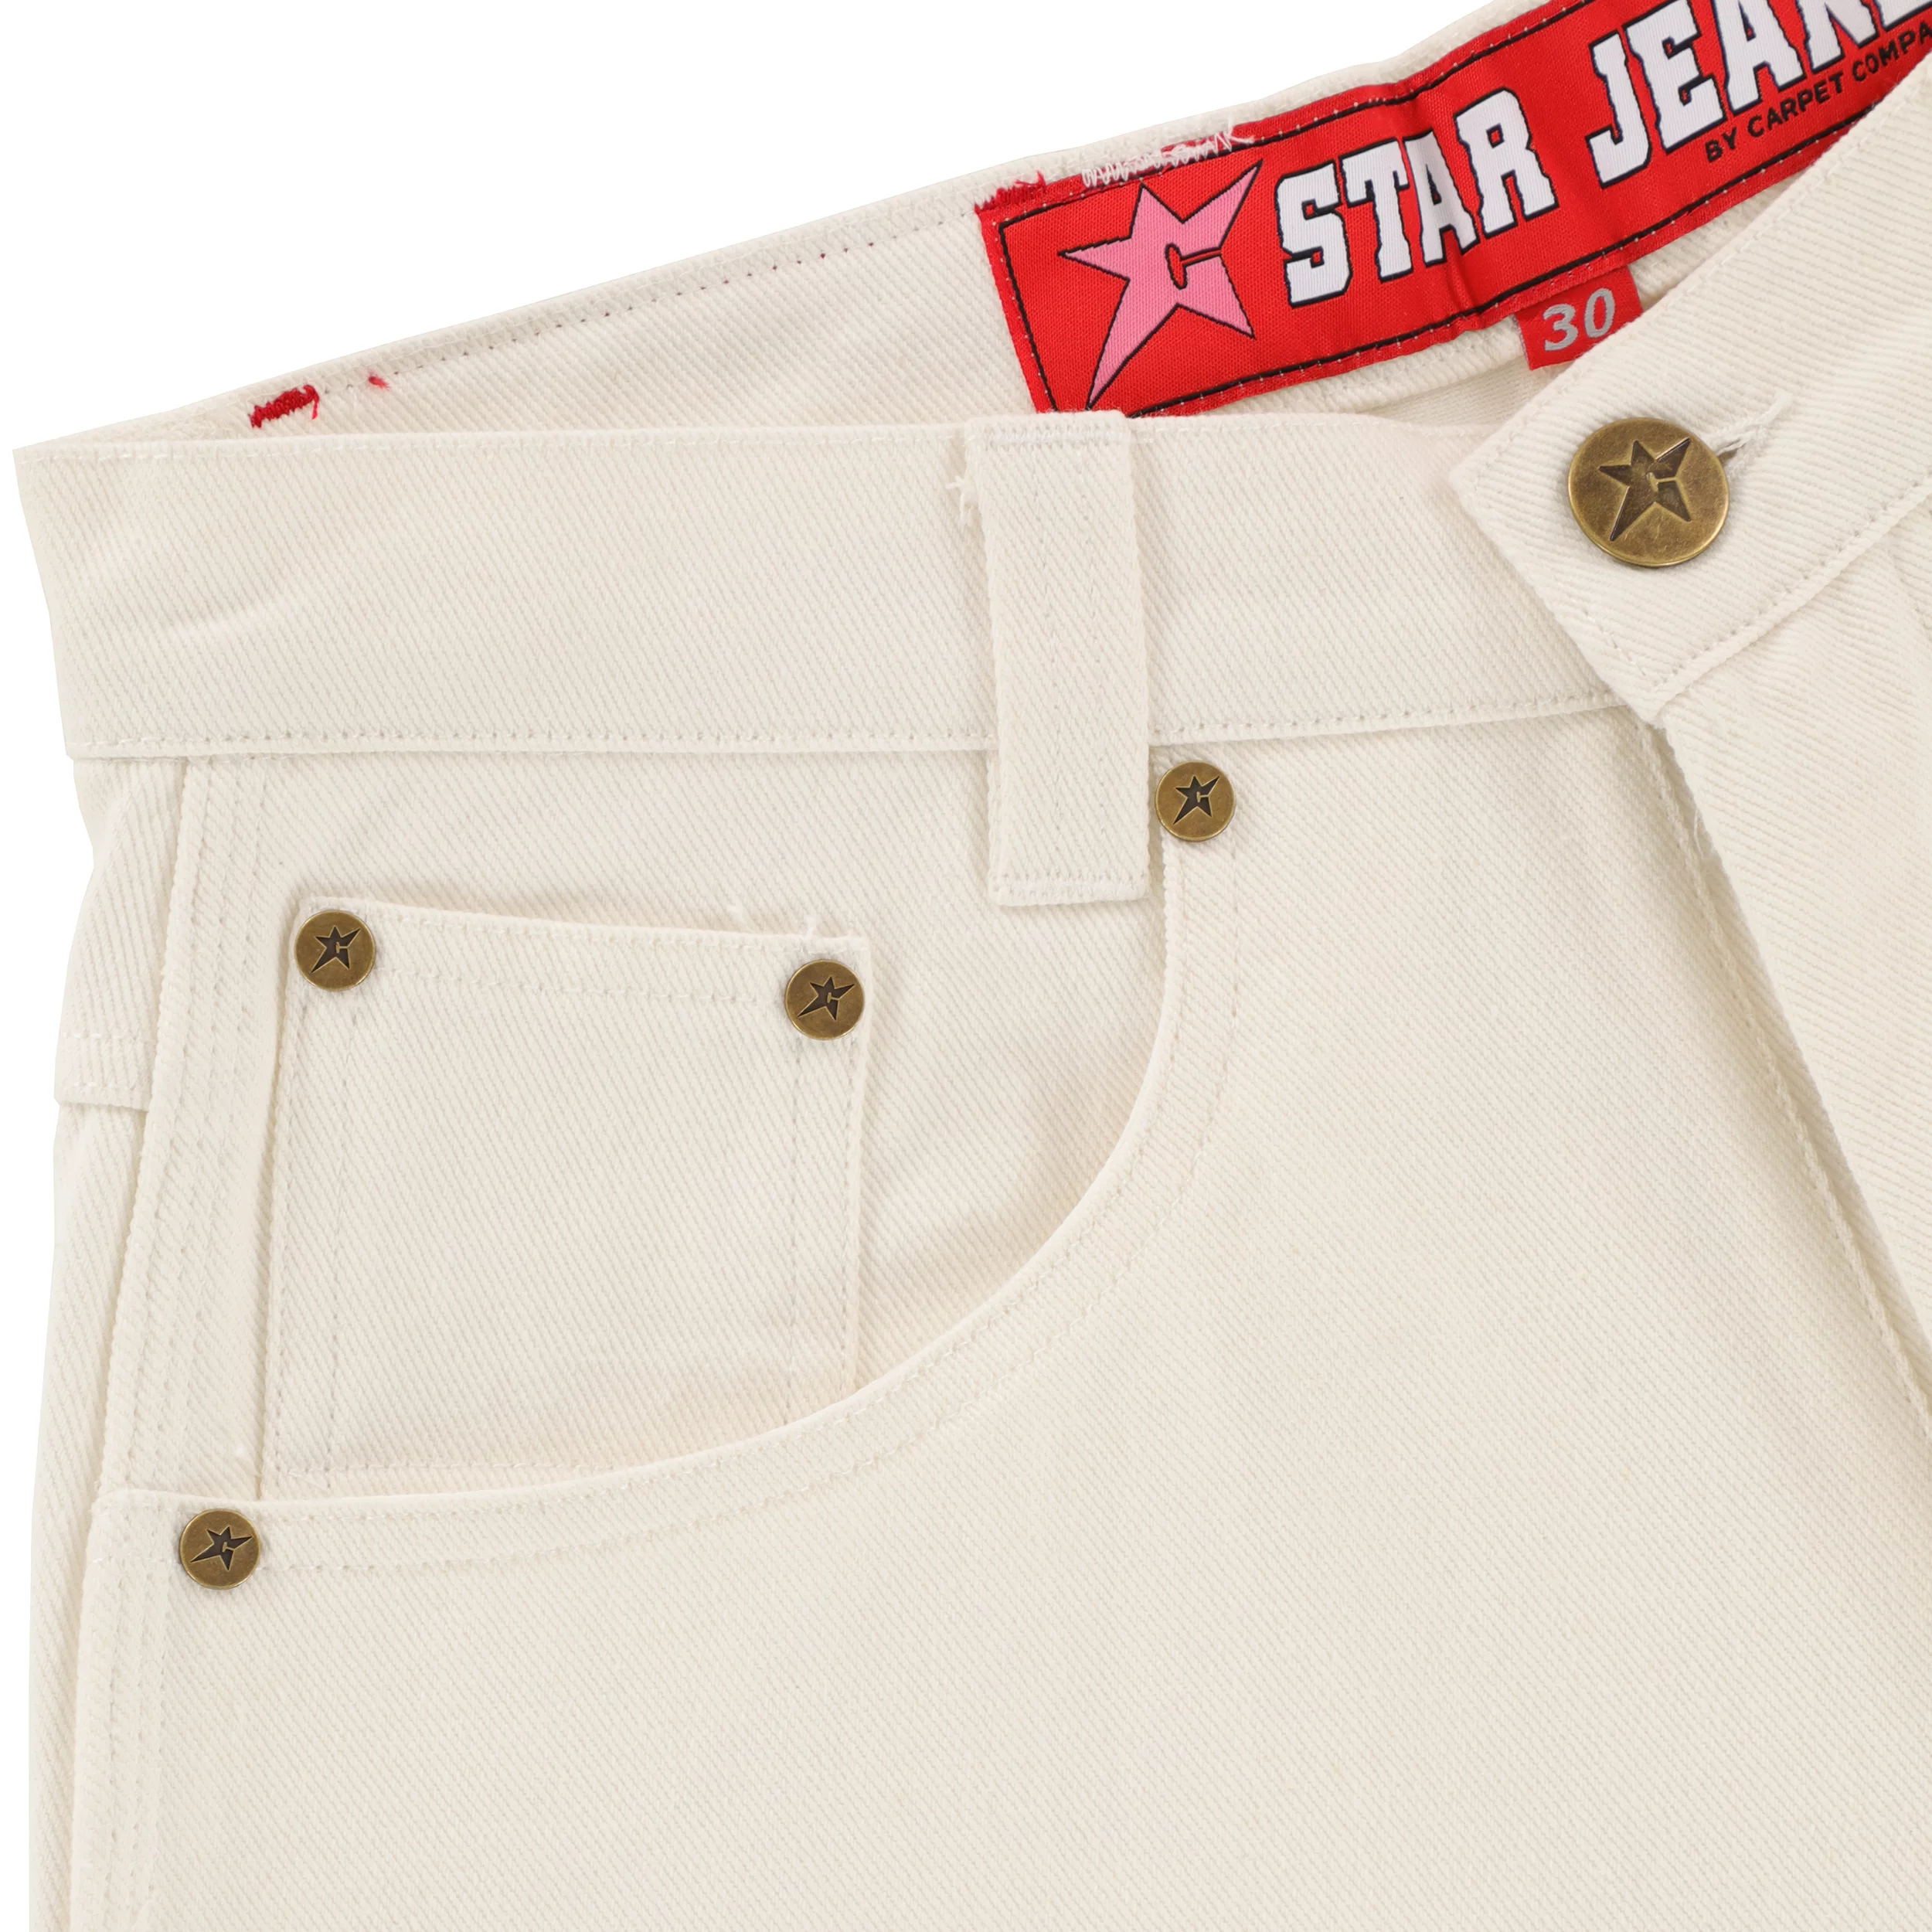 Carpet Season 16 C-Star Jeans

● ● ● ● ● ● ●

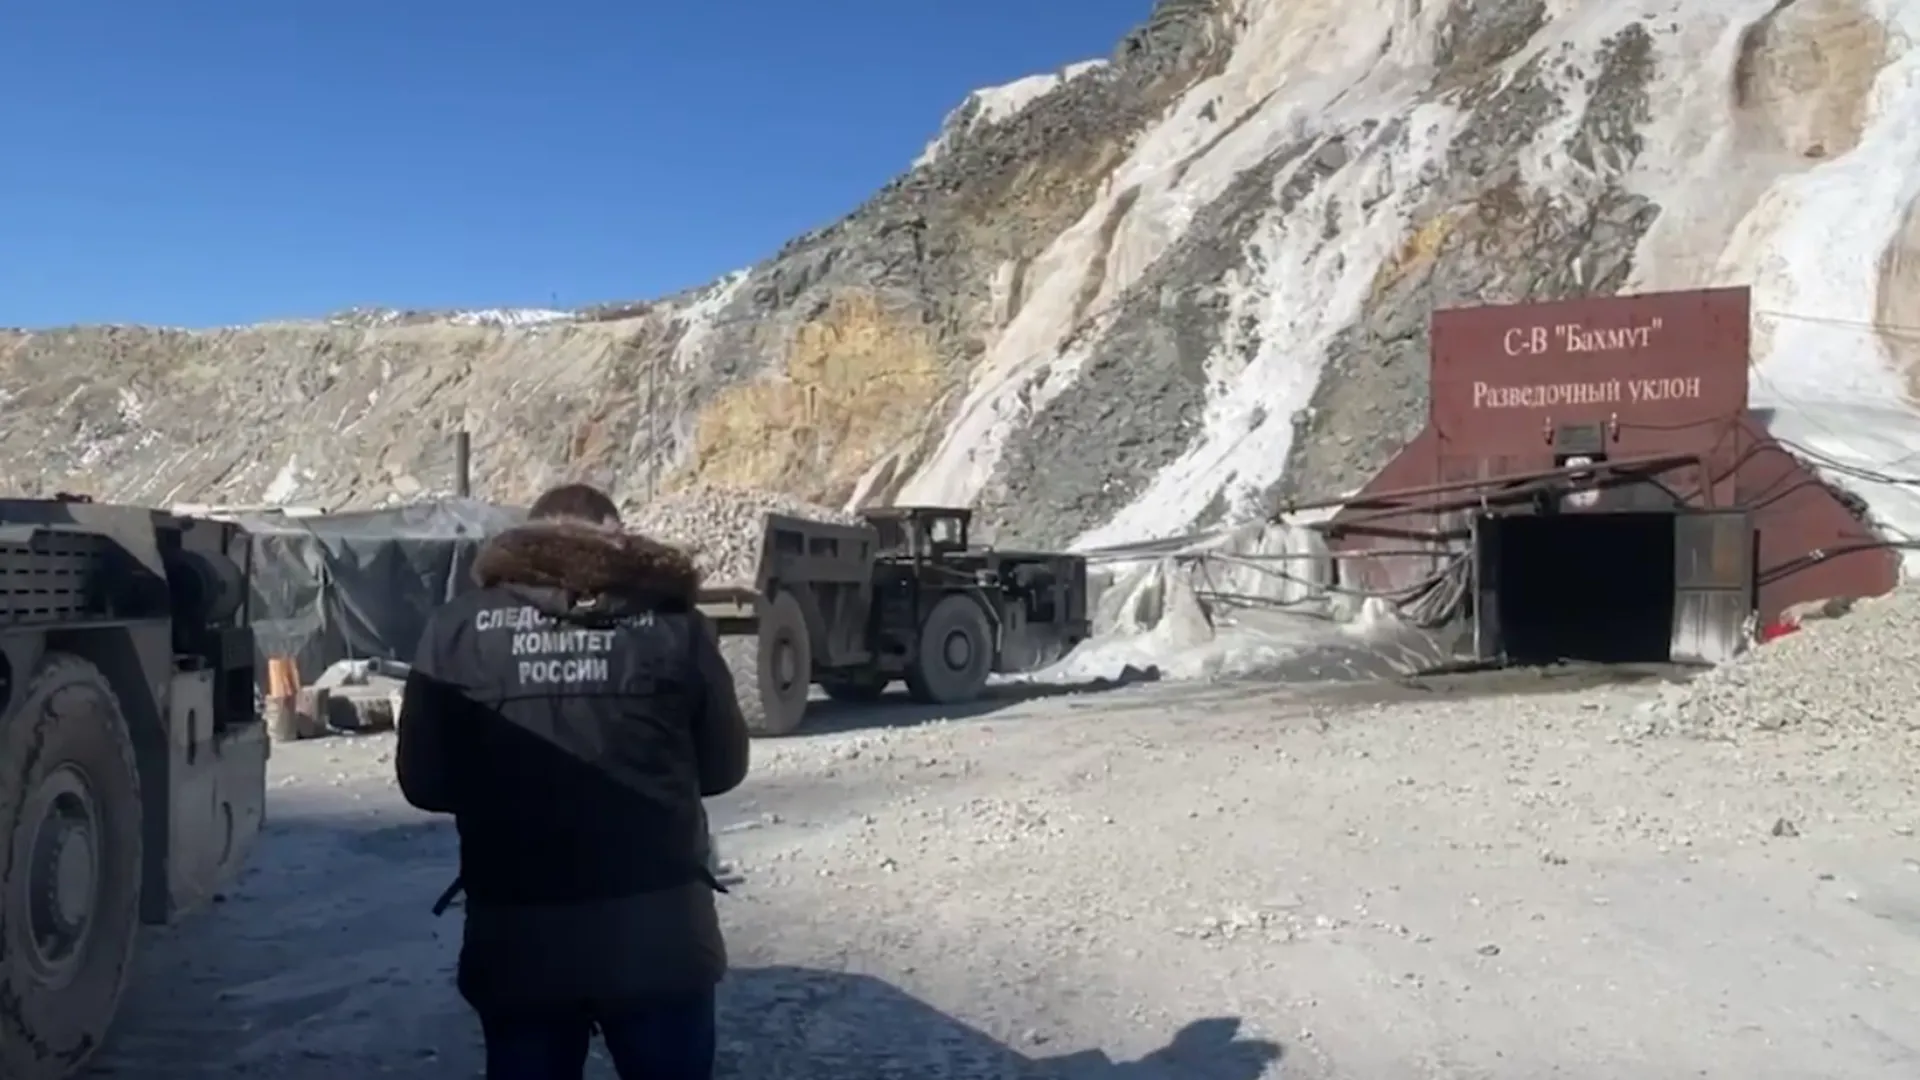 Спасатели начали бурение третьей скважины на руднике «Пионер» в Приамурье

● ● ● ● ● ● ●

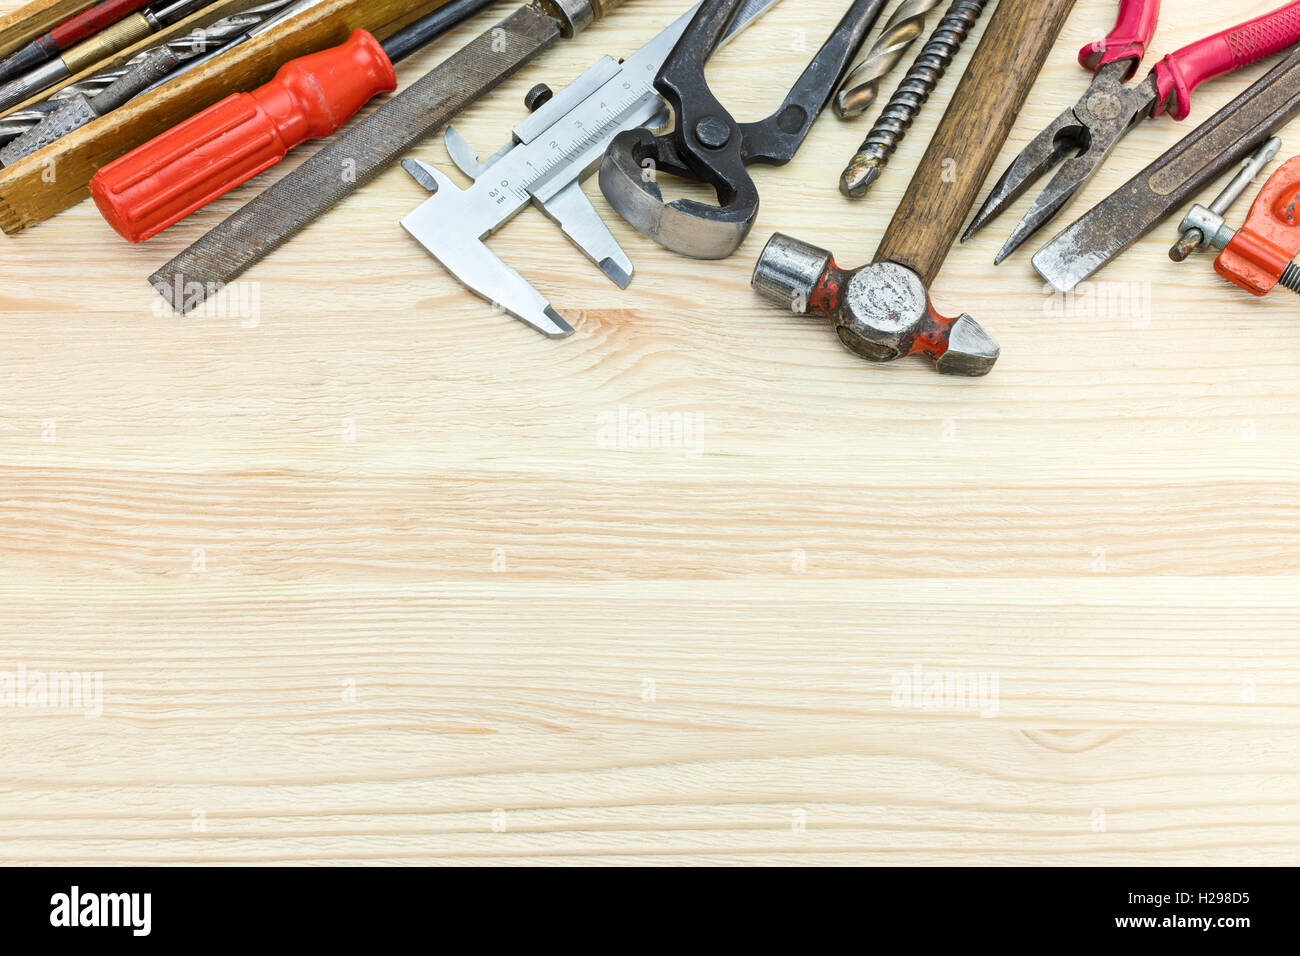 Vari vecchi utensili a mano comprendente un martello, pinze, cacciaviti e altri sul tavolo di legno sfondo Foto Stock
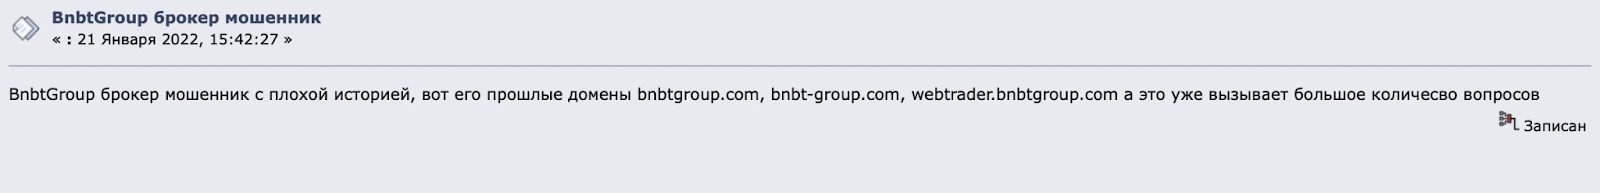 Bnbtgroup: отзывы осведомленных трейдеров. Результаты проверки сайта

● ● ● ● ● ● ●

* TASK OBJECTIVE: From the material above, give again exactly the lines from the one that contains "Vari vecchi utensili" through the one that contains "Bnbtgroup: отзывы осведомленных", and leave out the pictures.

* RESULT FOR THIS TASK:
 Vari vecchi utensili a mano comprendente un martello, pinze, cacciaviti e altri sul tavolo di legno sfondo Foto Stock
 Bnbtgroup: отзывы осведомленных трейдеров. Результаты проверки сайта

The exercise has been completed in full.